Dans un autre genre mais toujours dans cette idée du journaliste-entrepreneur, le projet True/Slant (trueslant.com) contient aussi des éléments prometteurs. Lancé au printemps dernier par Lewis Dvorkin, vétéran du New York Times, Newsweek et TMZ, entre autres, ce site compte actuellement près de 200 collaborateurs indépendants (journalistes, mais aussi experts en tous genres, auteurs, universitaires, etc.) gérés par une équipe d'à peine 10 personnes.
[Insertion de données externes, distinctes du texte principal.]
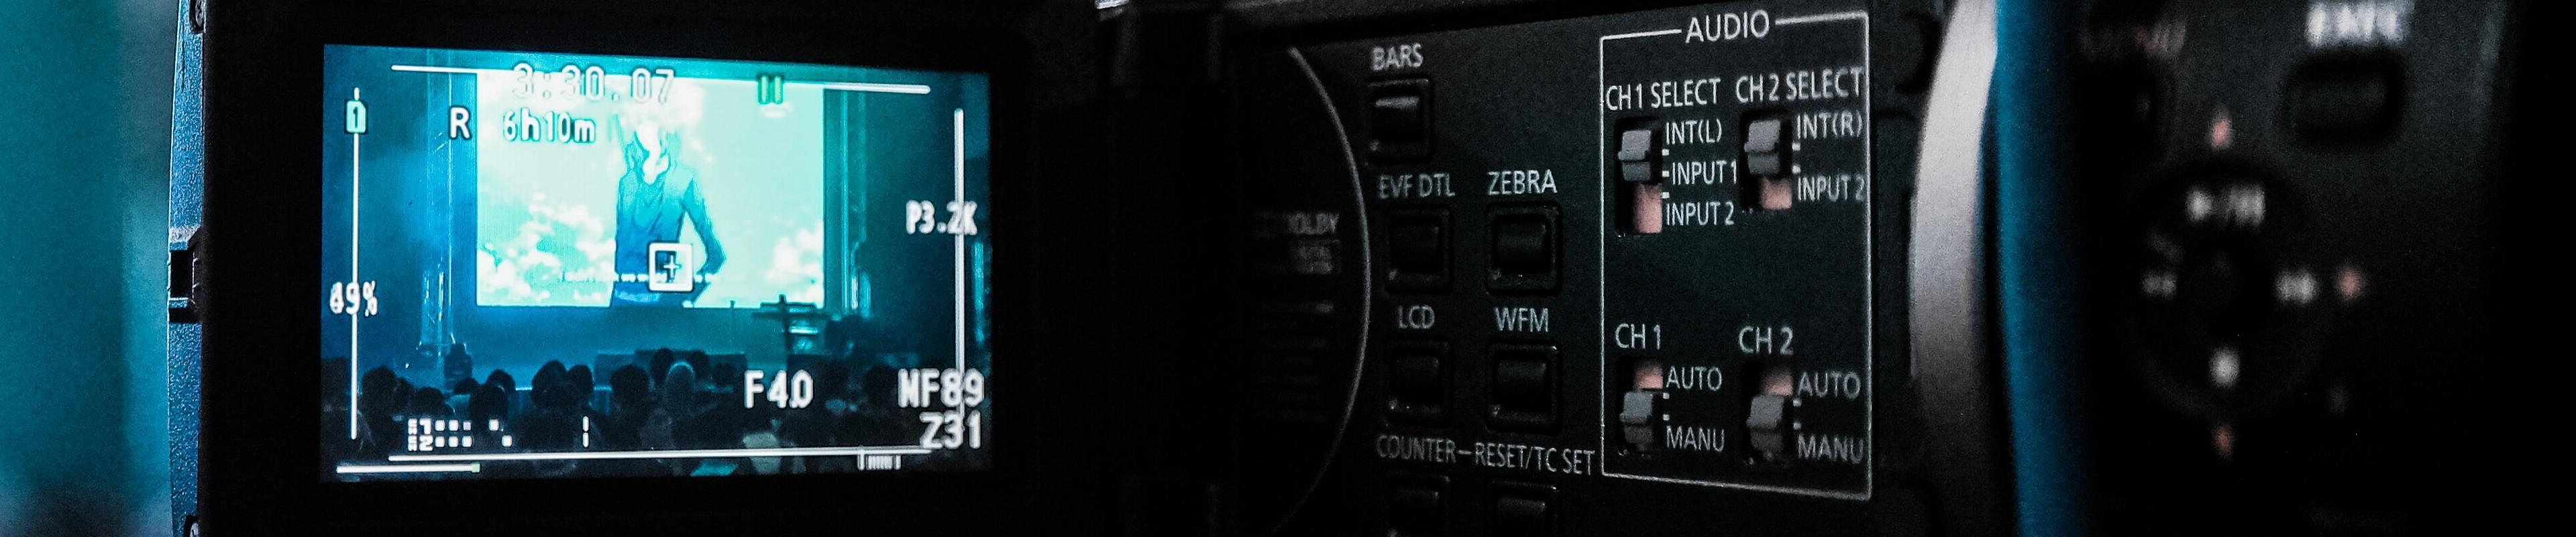 Professionelle Videokamera beim Filmen einer Veranstaltung

Deux particularités distinguent True/Slant du modèle médiatique traditionnel: d'une part, les collaborateurs sont libres d'écrire ce qu'ils veulent sur ce qu'ils veulent—il n'y aucune assignation, et pas de travail d'édition. Et d'autre part, ils choisissent le mode de rémunération qui leur convient le mieux: tarif fixe, pourcentage des revenus publicitaires, actions dans l'entreprise, même, pour certains. Chaque collaborateur est donc perçu comme une «marque» et peut agir à sa guise, sans aucun engagement ni contrat d'exclusivité. (Le site a aussi un rapport pour le moins novateur à la publicité qui a déjà provoqué quelques débats; les collaborateurs, par exemple, ont aussi le loisir d'approcher eux-mêmes des commanditaires pour leurs textes, ce qui soulève évidemment des questions déontologiques.)
Ce n'est qu'un exemple parmi tant d'autres. Dans l'univers médiatique qui se dessine, les nouveaux modèles sont aussi nombreux que diversifiés. Mais une chose semble déjà acquise: de plus en plus de journalistes auront leur propre carte d'affaires, et celle-ci n'affichera pas le logo d'une entreprise de presse…
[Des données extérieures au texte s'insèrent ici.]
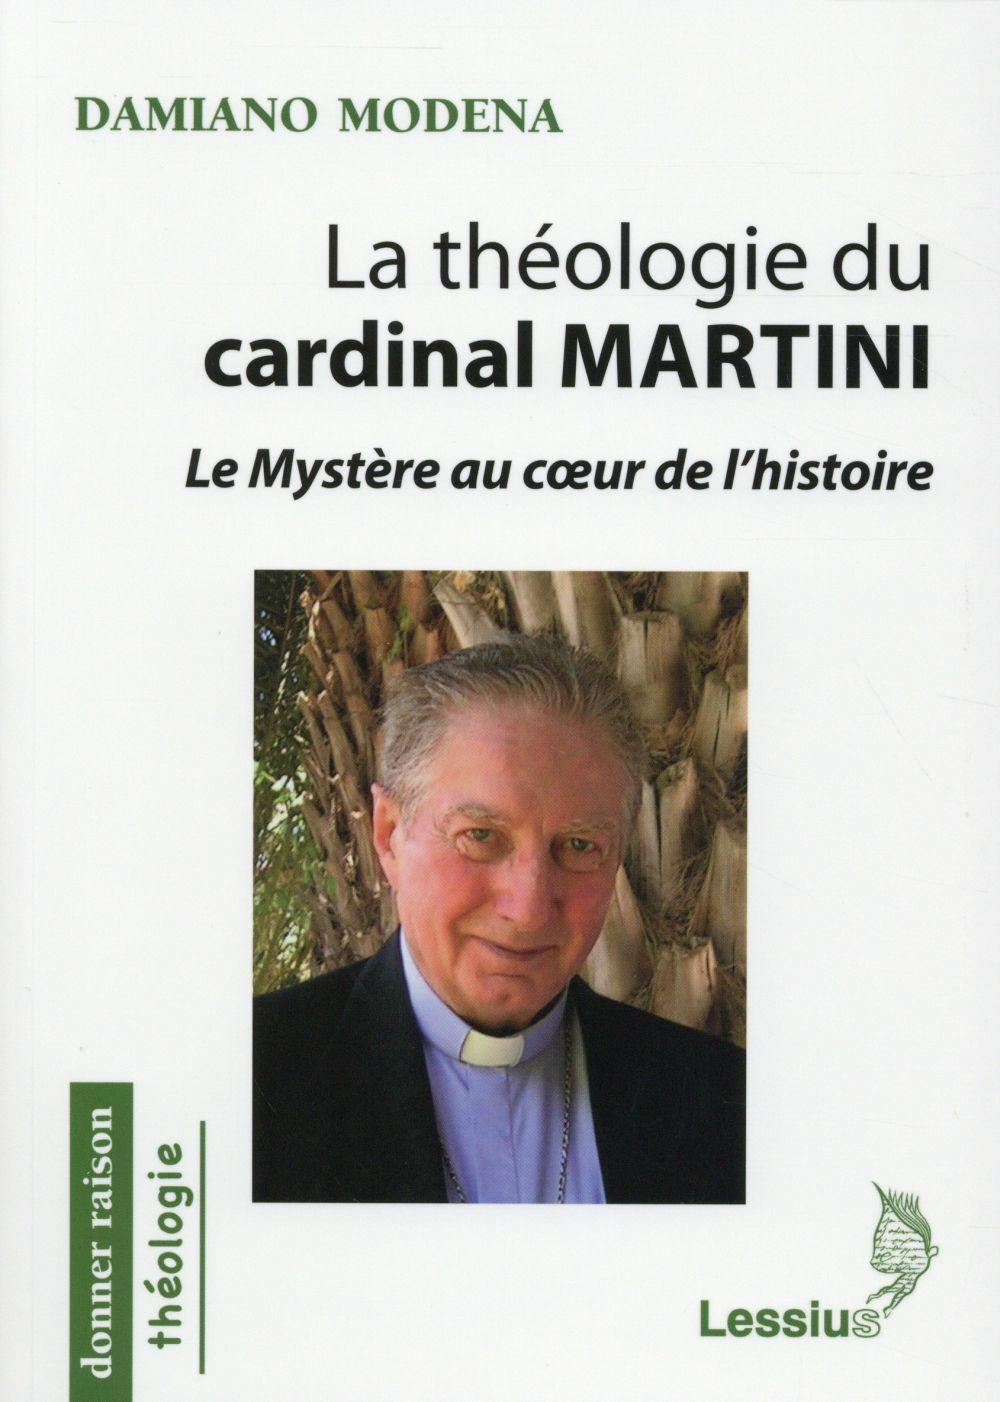 LA THEOLOGIE DU CARDINAL MARTINI - LE MYSTERE AU COEUR DE L'HISTOIRE

"Chaque collaborateur est donc perçu comme une «marque» et peut agir à sa guise, sans aucun engagement ni contrat d'exclusivité" Voila qui participe au mouvement actuel de personal branding.
Rédigé par : Objets Publicitaires | 05 novembre 2009 à 11:13
Quel est le nom de ce portail quebecois?
Rédigé par : Dicedi | 05 novembre 2009 à 14:15
Personal branding: un néologisme de plus pour cacher une réalité bien plus prosaïque: l'esclavagisme volontaire.
Rédigé par : capito | 05 novembre 2009 à 14:38
Esclavagisme ou liberté suprême ?
Je trouve personnellement que ce format d'indépendance est le plus gratifiant (quand il fonctionne) mais reste réservé à une "élite" professionnelle et ne sera jamais la norme, heureusement pour les autres.
Ce même principe fonctionne dans des domaines comme le spectacle ou le Web mais seulement pour ceux qui ont une notoriété suffisante.
Rédigé par : ThomasF | 05 novembre 2009 à 16:05
@Dicedi Je ne peux le dire, pour le moment.
@capito Est-ce que ce n'est pas la définition de tout travail, au fond? ;)
Rédigé par : Nicolas Langelier | 05 novembre 2009 à 20:38
Salut Nicolas, bon papier.
Beaucoup de publications collectives offraient déjà à leurs auteurs un partage des revenus publicitaires. Je comprend que l'innovation chez True/Slant, c'est d'offrir à l'auteur le choix du type de revenu qu'il veut, c'est bien ça? Se pourrait-il que True/Slant ait choisi cette voie parce qu'autrement, il avait peu de chances de compétitionner avec le Huffington Post et d'autres dans le recrutement d'auteurs prestigieux?